▸ Task to carry out
Output all of the data exactly as it appears, but leave out any pictures it contains.

═════ Information shown

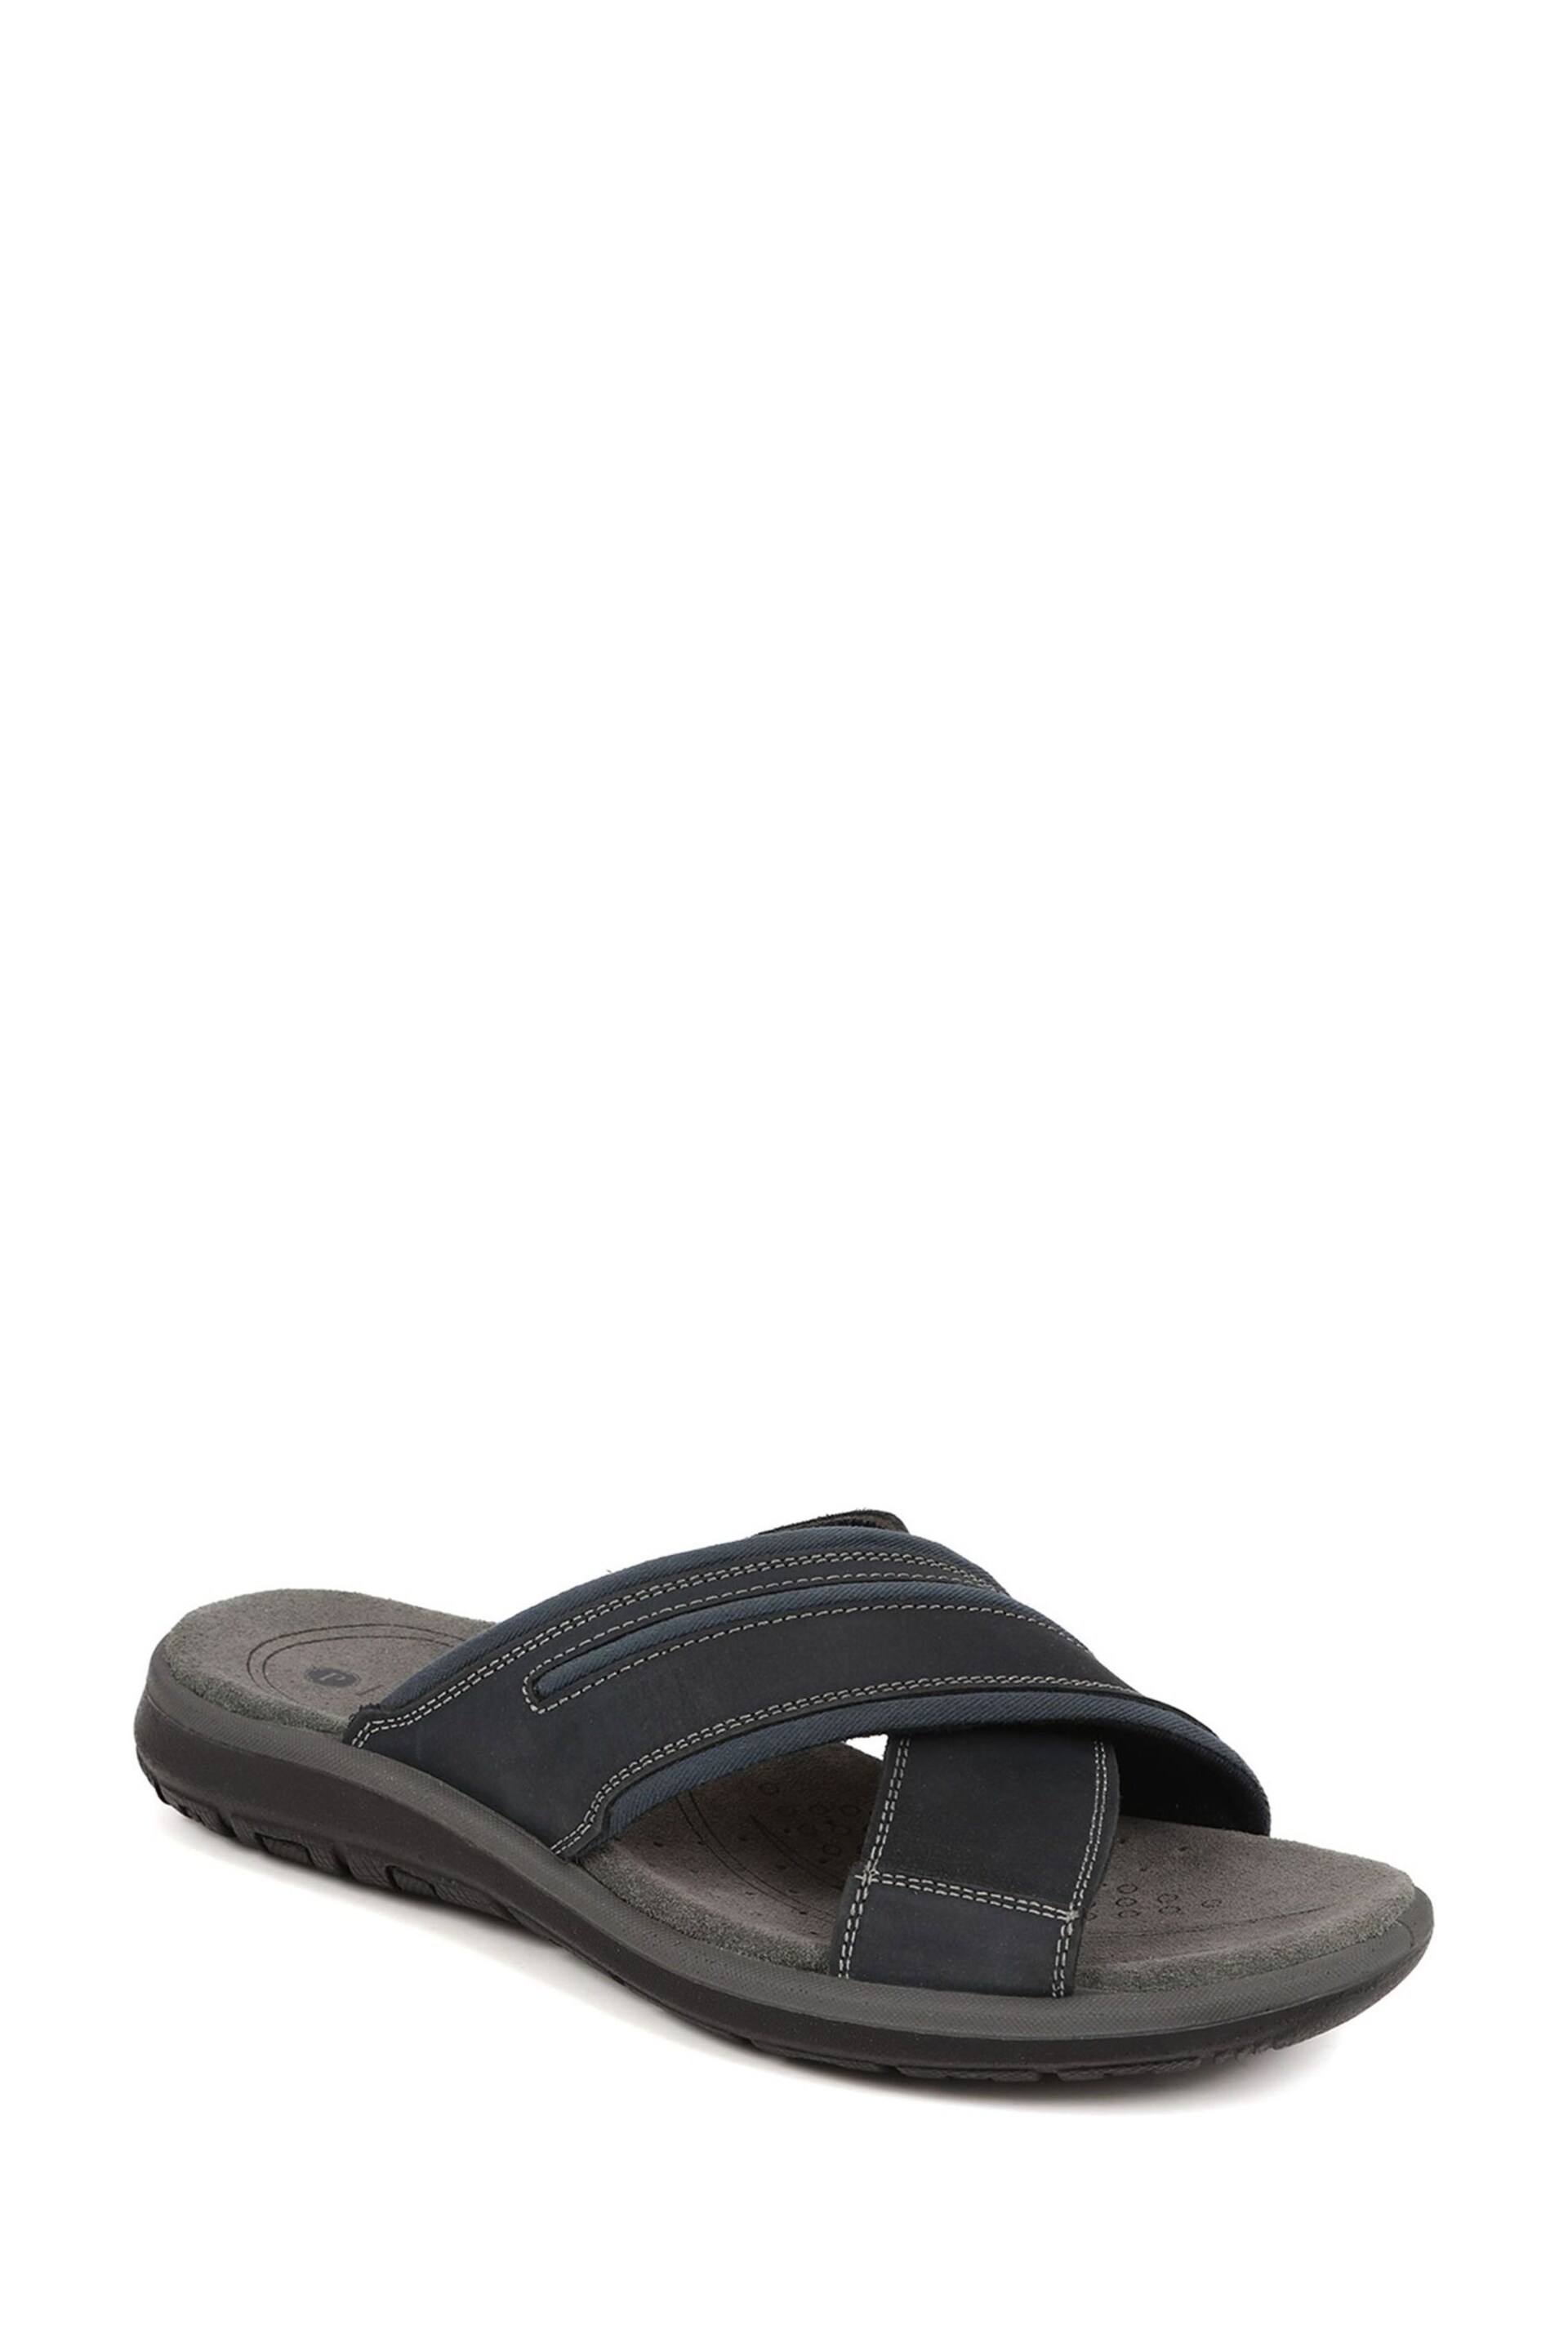 Pavers Blue Slip On Leather Mule Sandals - Image 2 of 5
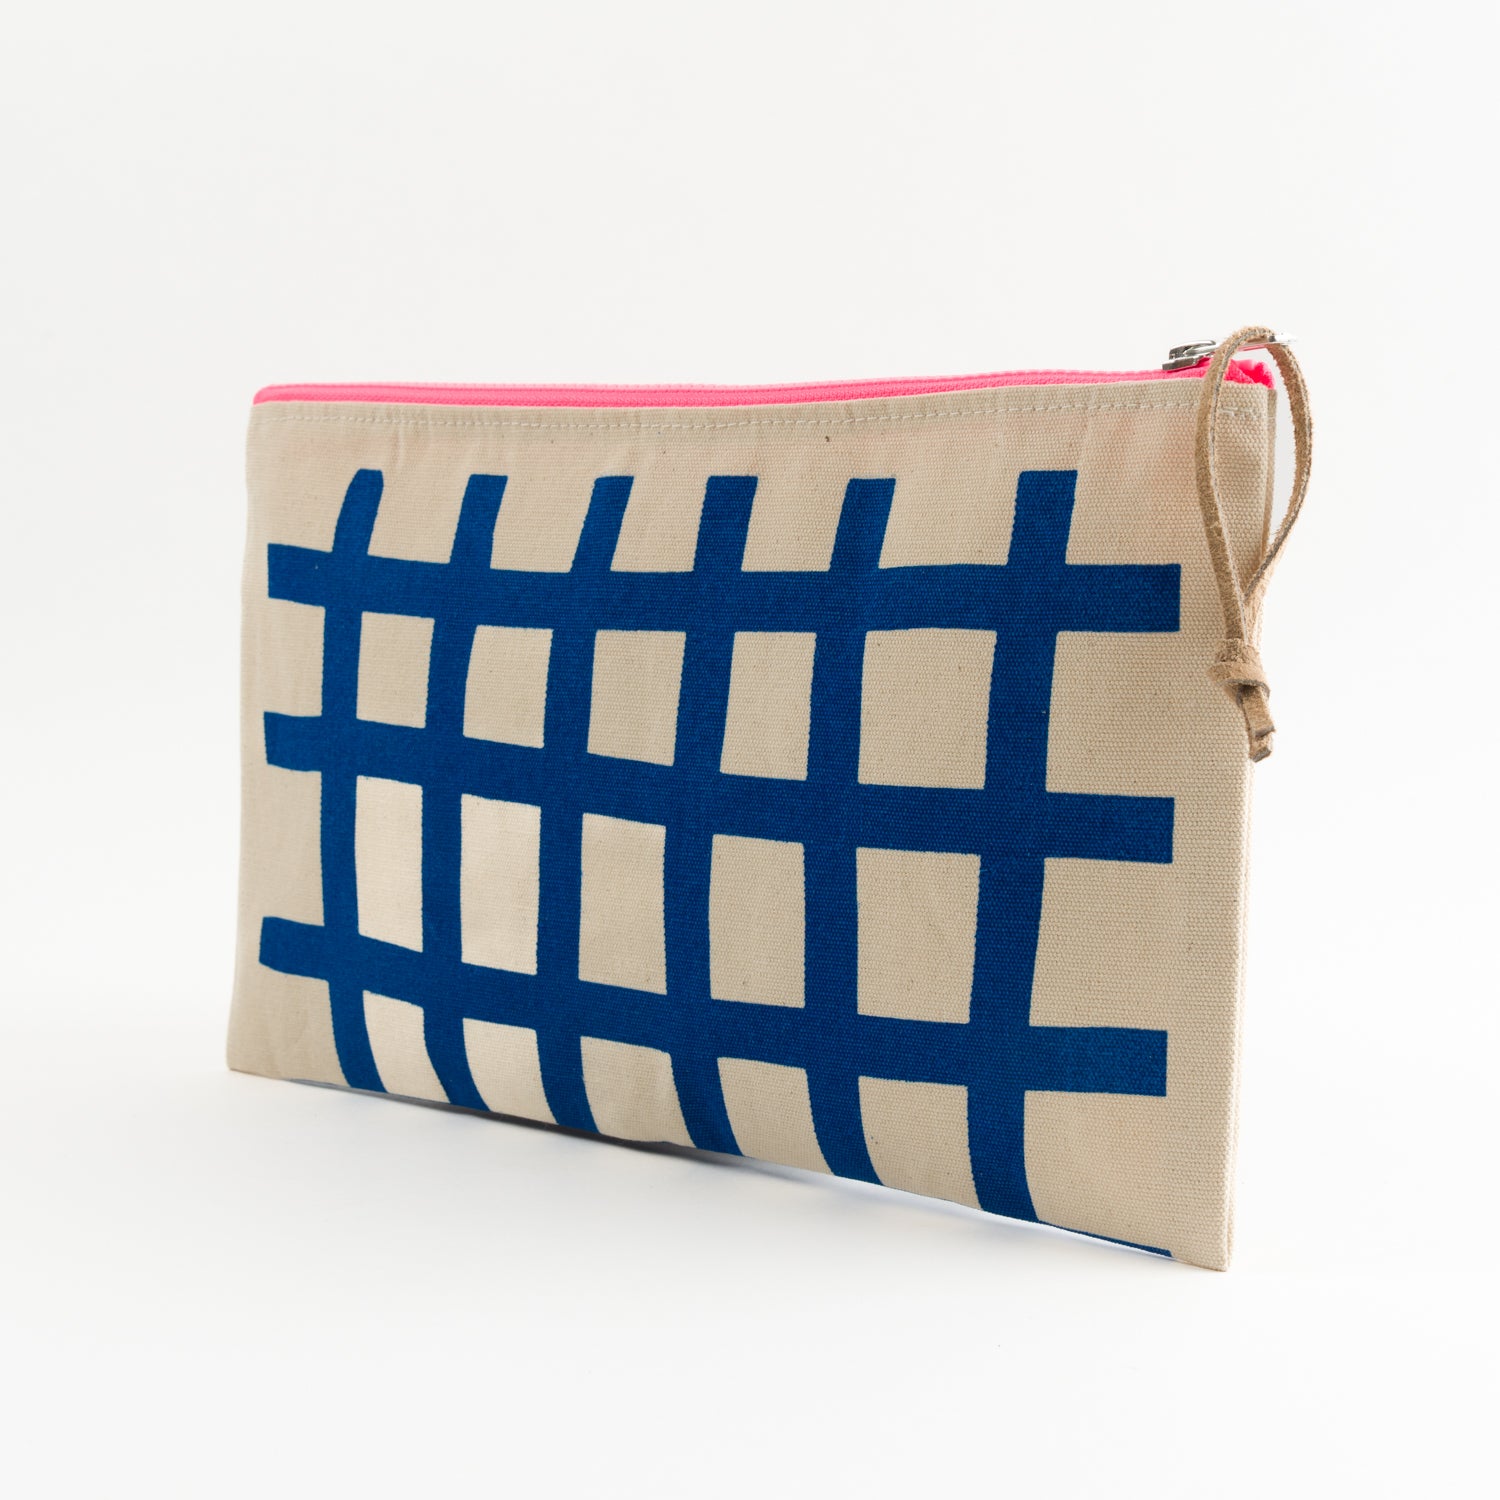 NOTIONS POUCH - SQUARE GRID DARK BLUE
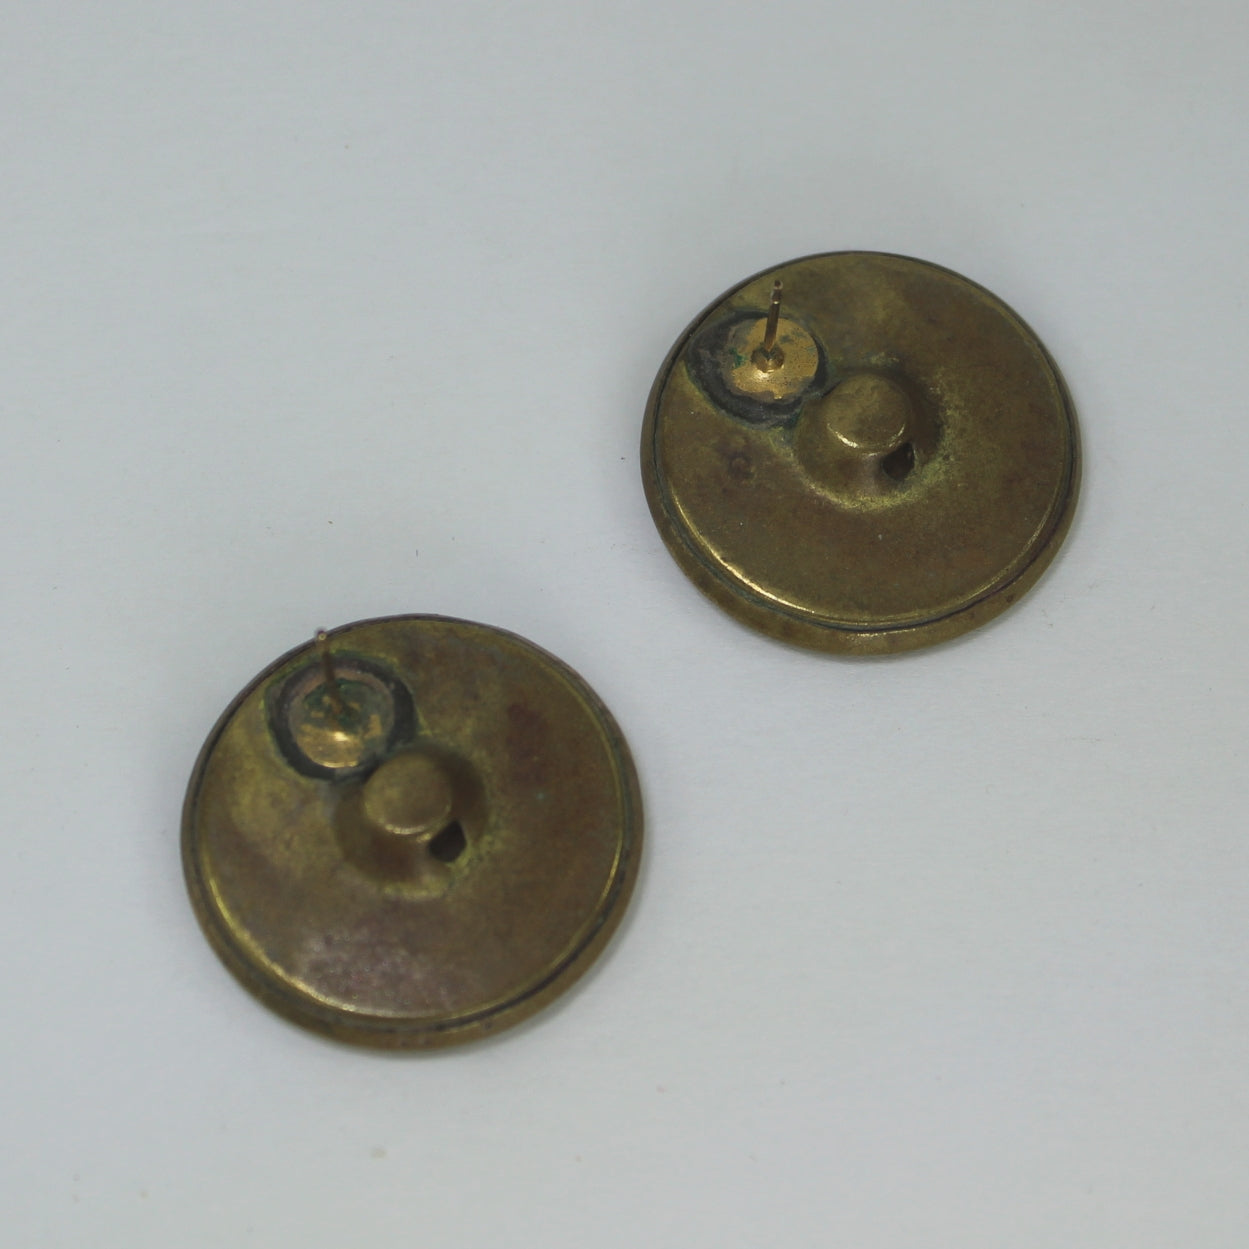 Antique Victorian Metal Buttons Earrings Post Stud Mixed Dimensional Metal brass shank backs

══════════

▸ Solution to this problem
 Pavers Blue Slip On Leather Mule Sandals - Image 2 of 5
 NOTIONS POUCH - SQUARE GRID DARK BLUE
 Antique Victorian Metal Buttons Earrings Post Stud Mixed Dimensional Metal brass shank backs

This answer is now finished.